(2010-09-24) Stuxnext Industrial Attack Malware

CyberSecurity experts say they have identified the world's first known cyber super weapon designed specifically to destroy a real-world target – a factory, a refinery, or just maybe a nuclear power plant... The appearance of Stuxnet created a ripple of amazement among computer security experts. Too large, too encrypted, too complex to be immediately understood, it employed amazing new tricks, like taking control of a computer system without the user taking any action or clicking any button other than inserting an infected Memory Stick. Experts say it took a massive expenditure of time, money, and software engineering talent to identify and exploit such vulnerabilities in industrial control software systems... "StuxNet is a 100-percent-directed cyber attack aimed at destroying an industrial process in the physical world," says Langner, who last week became the first to publicly detail Stuxnet's destructive purpose and its authors' malicious intent. "This is not about espionage, as some have said. This is a 100 percent sabotage attack."... Langner zeroes in on Stuxnet's ability to "fingerprint" the computer system it infiltrates to determine whether it is the precise machine the attack-ware is looking to destroy. If not, it leaves the industrial computer alone... So far, Stuxnet has infected at least 45,000 industrial control systems around the world, without blowing them up – although some victims in North America have experienced some serious computer problems.

A geographical distribution of computers hit by Stuxnet, which Microsoft produced in July, found Iran to be the apparent epicenter of the Stuxnet infections. That suggests that any enemy of Iran with advanced CyberWar capability might be involved, Langner says. The US is acknowledged to have that ability, and Israel is also reported to have a formidable offensive CyberWar-fighting capability. Could Stuxnet's target be Iran's Bushehr Nuclear Power plant, a facility much of the world condemns as a nuclear weapons threat? Langner is quick to note that his views on Stuxnet's target is speculation based on suggestive threads he has seen in the media. Still, he suspects that the Bushehr plant may already have been wrecked by Stuxnet. Bushehr's expected startup in late August has been delayed, he notes, for unknown reasons. (One Iranian official blamed the delay on hot weather.)

Sept25 update: Iran confirms damage. Iranian newspapers have reported on the computer worm hitting industries around the country in recent weeks, without giving details. Friday's report also did not mention Bushehr.
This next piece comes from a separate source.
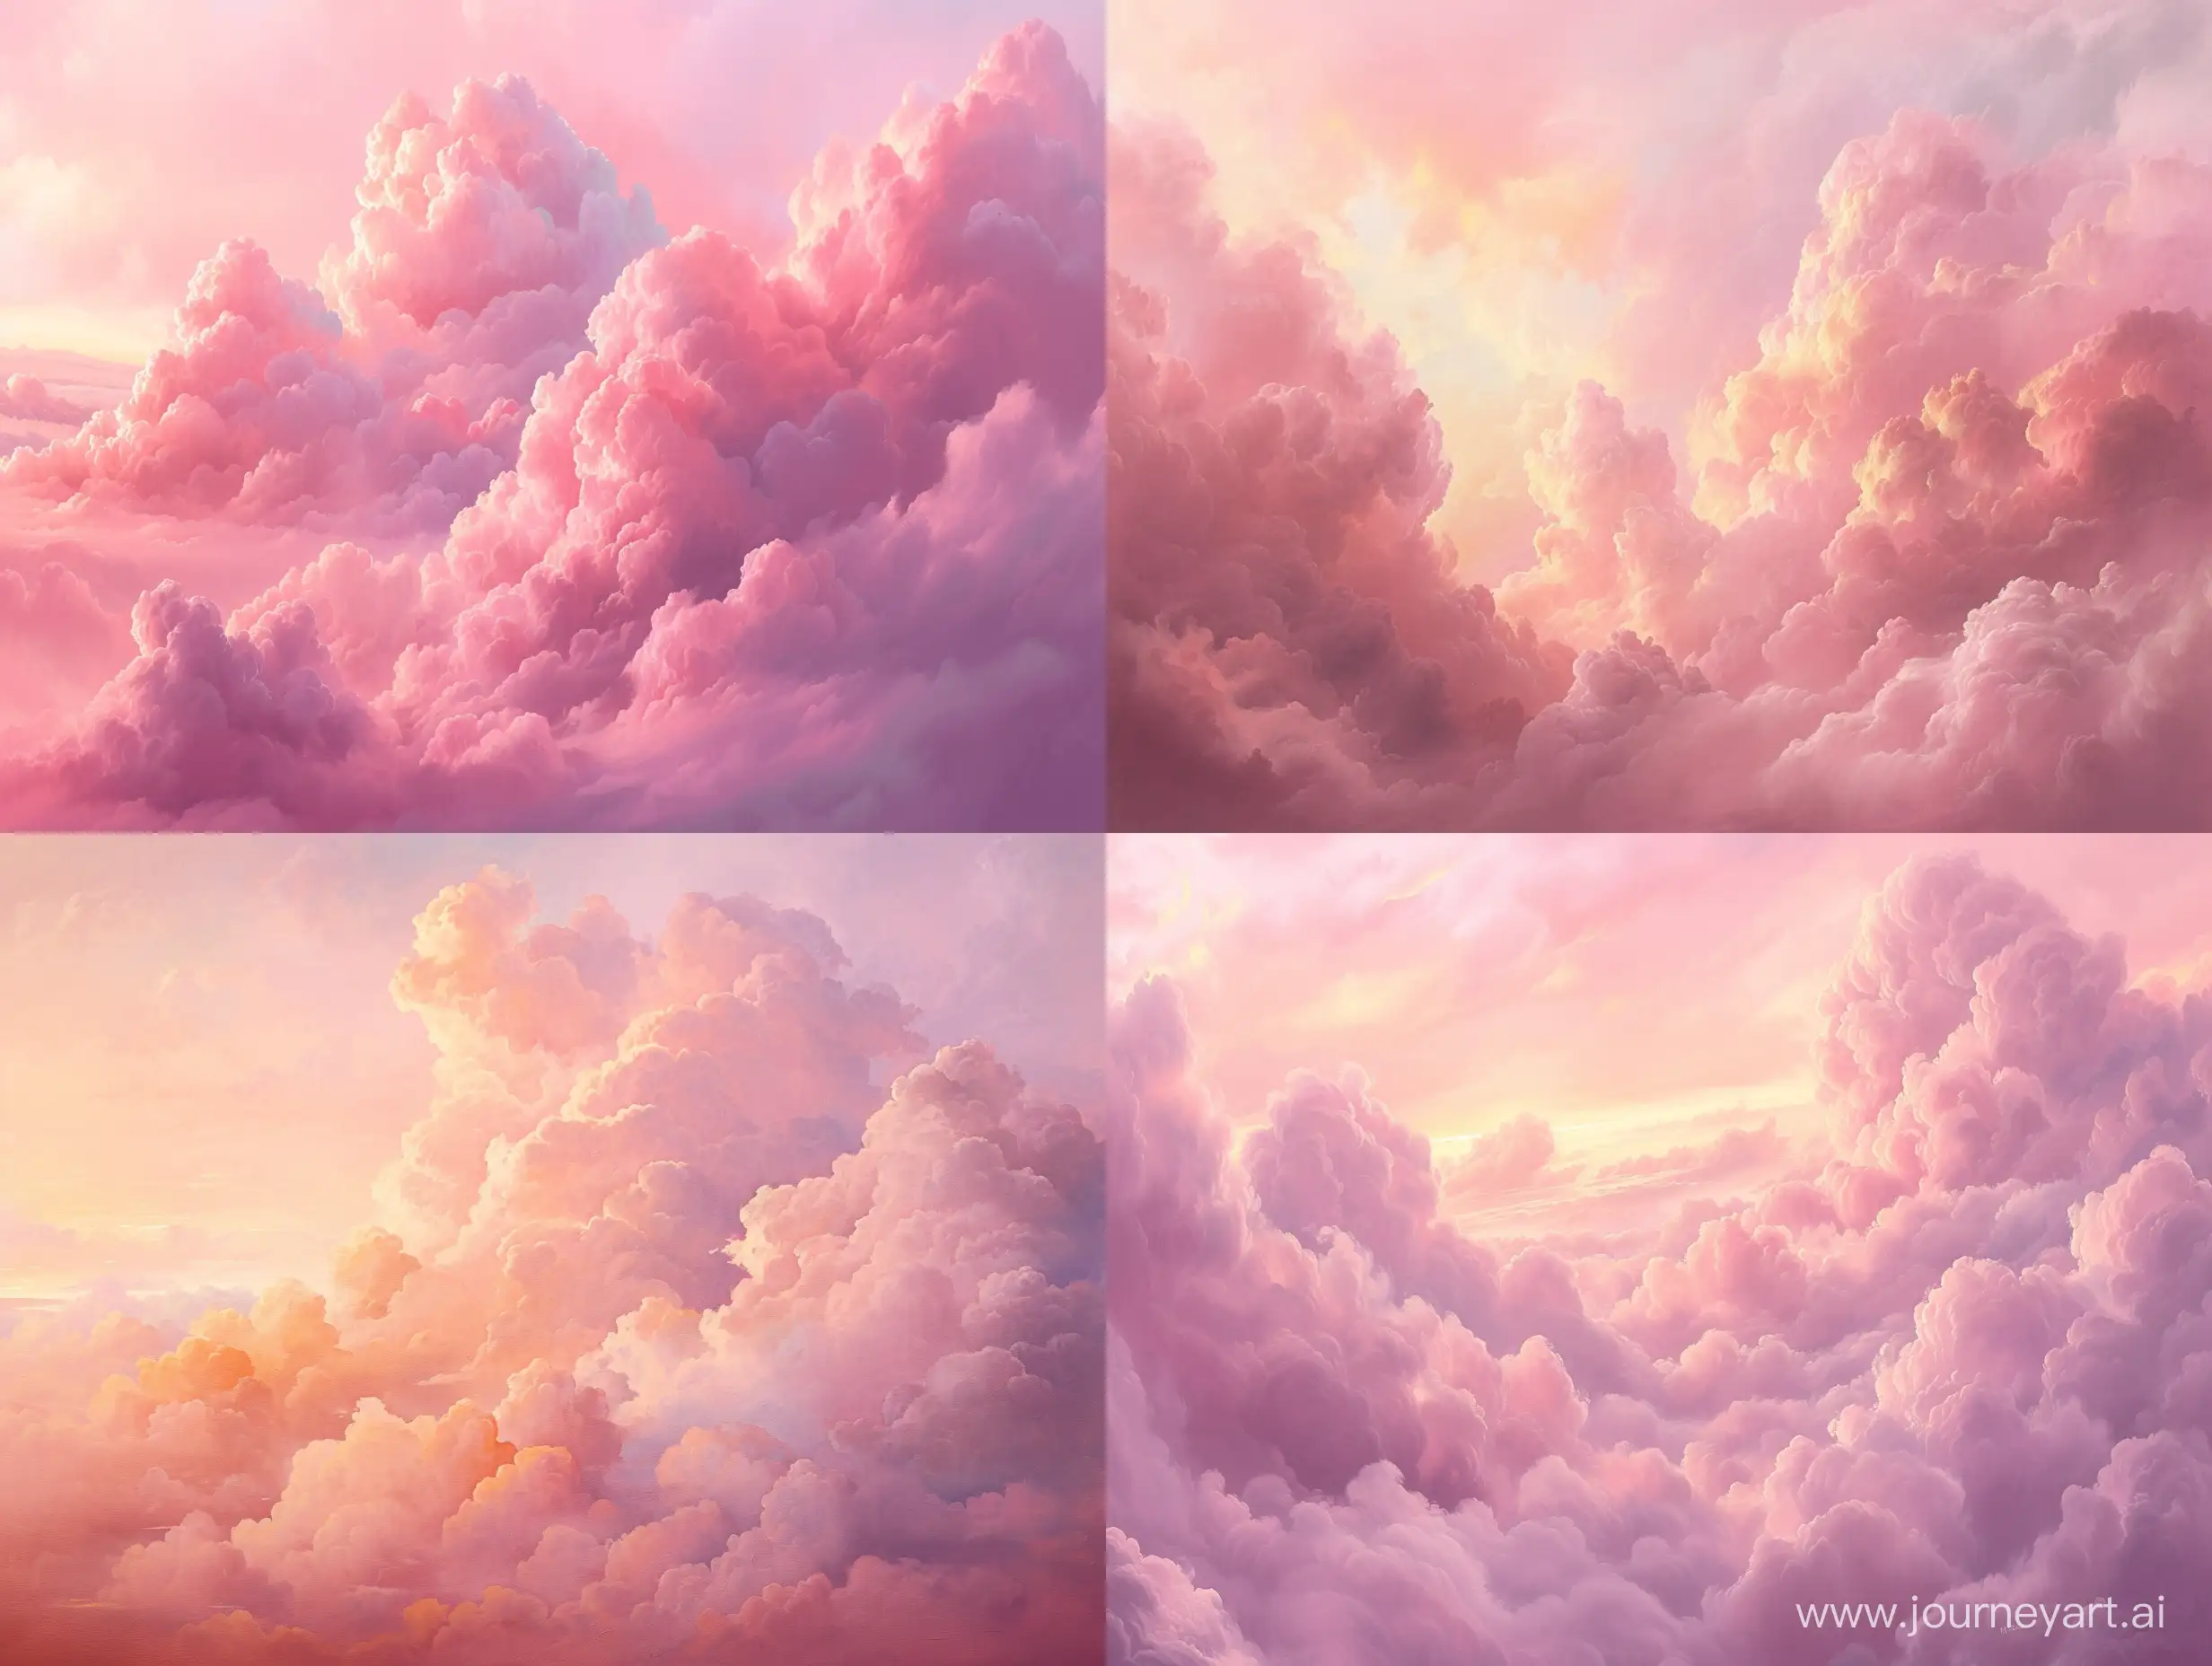 油画，柔和的粉红色，蓬松的云朵，棉花糖质地，柔和的色调，梦幻的氛围，空灵的美，日落，晚霞，光滑，层次感丰富，水彩画风格，体积光，8K，高清，超现实主义
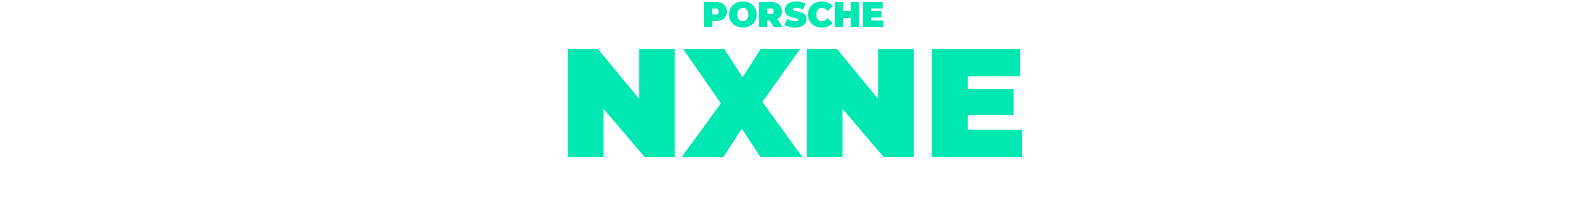 Porsche NXNE

Forget StuxNet - the fact that Nuclear Power plants are running on MsWindows scares the crap out of me.

Oct10 update: Bruce Schneier clarifies what's known vs the speculation that fills the News Hole. None of this points to the Bushehr nuclear power plant in Iran, though. Best I can tell, this rumor was started by Ralph Langner, a security researcher from Germany. He labeled his theory "highly speculative," and based it primarily on the facts that Iran had an unusually high number of infections (the rumor that it had the most infections of any country seems not to be true), that the Bushehr nuclear plant is a juicy target, and that some of the other countries with high infection rates--India, Indonesia, and Pakistan--are countries where the same Russian contractor involved in Bushehr is also involved. This rumor moved into the computer press and then into the mainstream press, where it became the accepted story, without any of the origina caveats.

Nov16 update: According to Eric Chien, one of three Symantec researchers who have dug into Stuxnet, the worm targets industrial systems that control very high speed electrical motors, such as those used to spin gas centrifuges, one of the ways uranium can be enriched into fissionable material... Symantec's latest analysis indicates that the (Bushehr) reactor was not the target. Instead, Stuxnet aimed to disrupt uranium enrichment efforts.